О да, малышка, ты уже меня цитируешь.

– Все эти велосипеды и борьба за справедливость как-то успокаивают, – говоришь ты и пускаешься в рассуждения о плюсах и минусах эскапизма (я первым упомянул этот термин в нашем разговоре, и ты подхватила его вслед за мной).

Ты сексуальна и уверена в себе, а я уже успел забыть, что такое испытывать влечение.

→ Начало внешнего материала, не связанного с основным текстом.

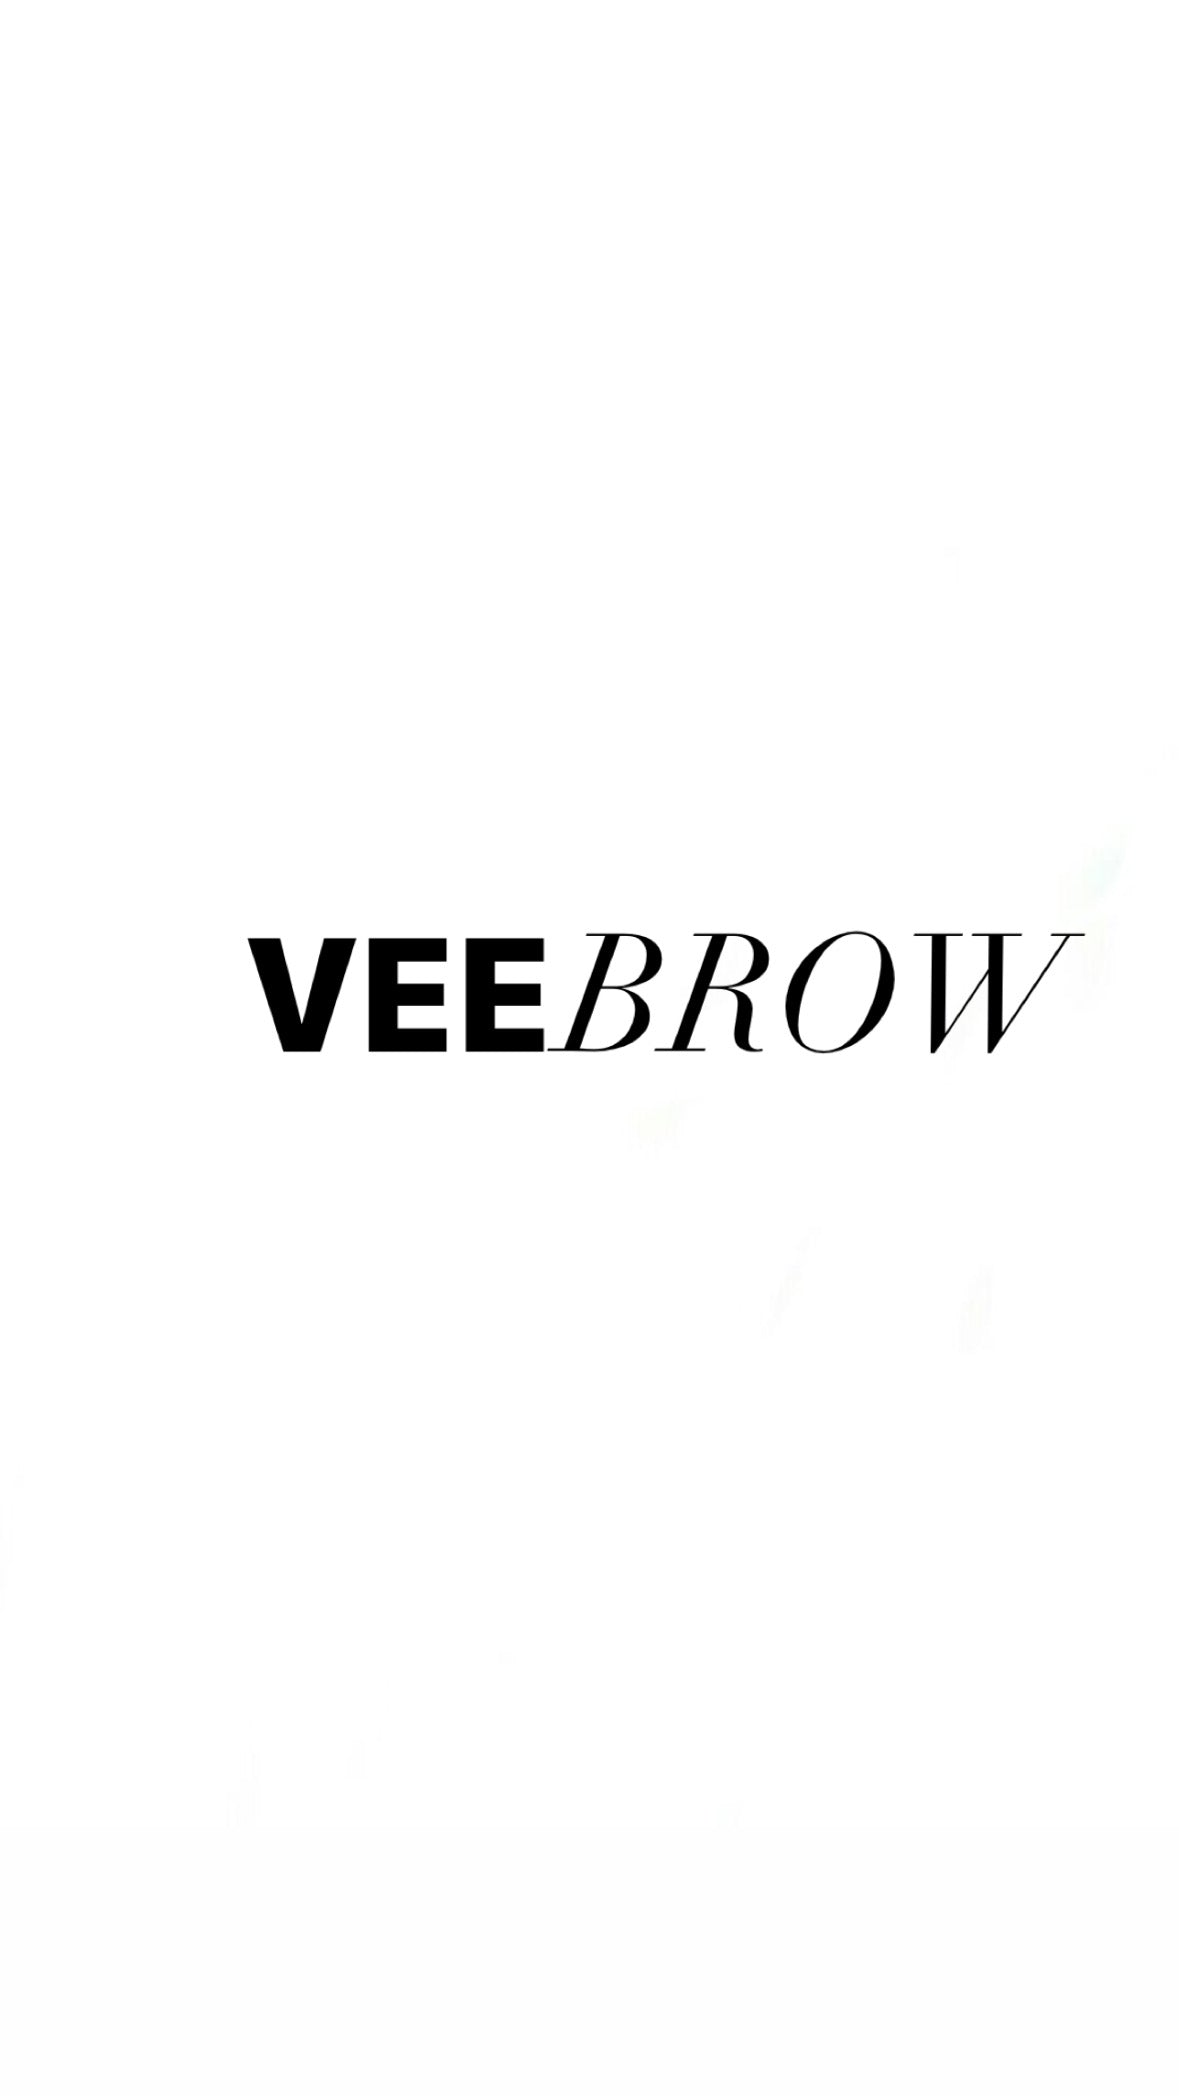 VeeBrow

– Отлично, – откликаюсь я. – Может, организуем фан-клуб?

– Ага… Но сначала скажи, что же произошло.

Вы, женщины, всегда хотите знать о прошлом, только ведь прошлое осталось позади. Прошло. Его больше нет. Я не могу признаться тебе в том, что эта книга помогла мне пережить тюремное заключение, стала лечебным бальзамом, который исцелил душевные раны от несправедливого ареста. Тебе ни к чему знать эти неприглядные подробности. У всех нас бывают периоды, когда мы чувствуем себя загнанными в ловушку, запертыми в клетку. И не имеет никакого значения, где конкретно настигают нас эти страдания.

Я пожимаю плечами:

– Ничего особенного. Просто черная полоса…

Зато теперь я на собственном опыте знаю, что лучшая литература для тюрьмы – это пляжное чтиво.

– Дебби поддержала меня…

Когда Лав Квинн бросила.

Ты не выспрашиваешь подробности (моя умница!) и говоришь, что тебе знакомо это чувство (кто бы сомневался).

– Не хочу тебя огорчать, Джо, но должна сразу предупредить…

Как мило – ты обо мне заботишься.

– Тут не Кедровая бухта.

Мне нравится твой пыл – ты явно напрашиваешься на схватку, – и я наклоняюсь к тебе над стойкой, за которой ты болтала со старпером.

– Скажи это старикану, который сейчас тащит домой рекомендованного тобой Мураками. Кедровая бухта просто отдыхает.

Ты знаешь, что я прав, и пытаешься изобразить едкую ухмылку, но твои губы сами расплываются в широкой улыбке.

– Посмотрим, как ты запоешь, прожив здесь пару зим, – хмыкаешь ты и краснеешь. – Что в сумке?

Я одариваю тебя своей самой лучезарной улыбкой, хотя уж больше и не надеялся, что она мне когда-нибудь еще пригодится.

– Обед. И, в отличие от судьи Оливии Локхарт, у меня там целая гора еды. Можешь и брокколи съесть, и на мясо сесть.

Вот дерьмо, неужели я это сказал вслух?! Ты утыкаешься в экран, пока я стою перед тобой как последний идиот, который только что намекнул на свой член.

К счастью, ты томишь меня недолго.

– Компьютер что-то барахлит. Напечатаем бейдж позже.

Вот гребаная железяка! Или, может, это просто очередная проверка…

Ты ведешь меня в комнату отдыха и спрашиваешь, в какое кафе я хожу – в «Савэн» или в «Савадти»? Когда я называю первое, Суриката отрывается от своего «Колумбайна» и делает вид, будто ее сейчас вырвет.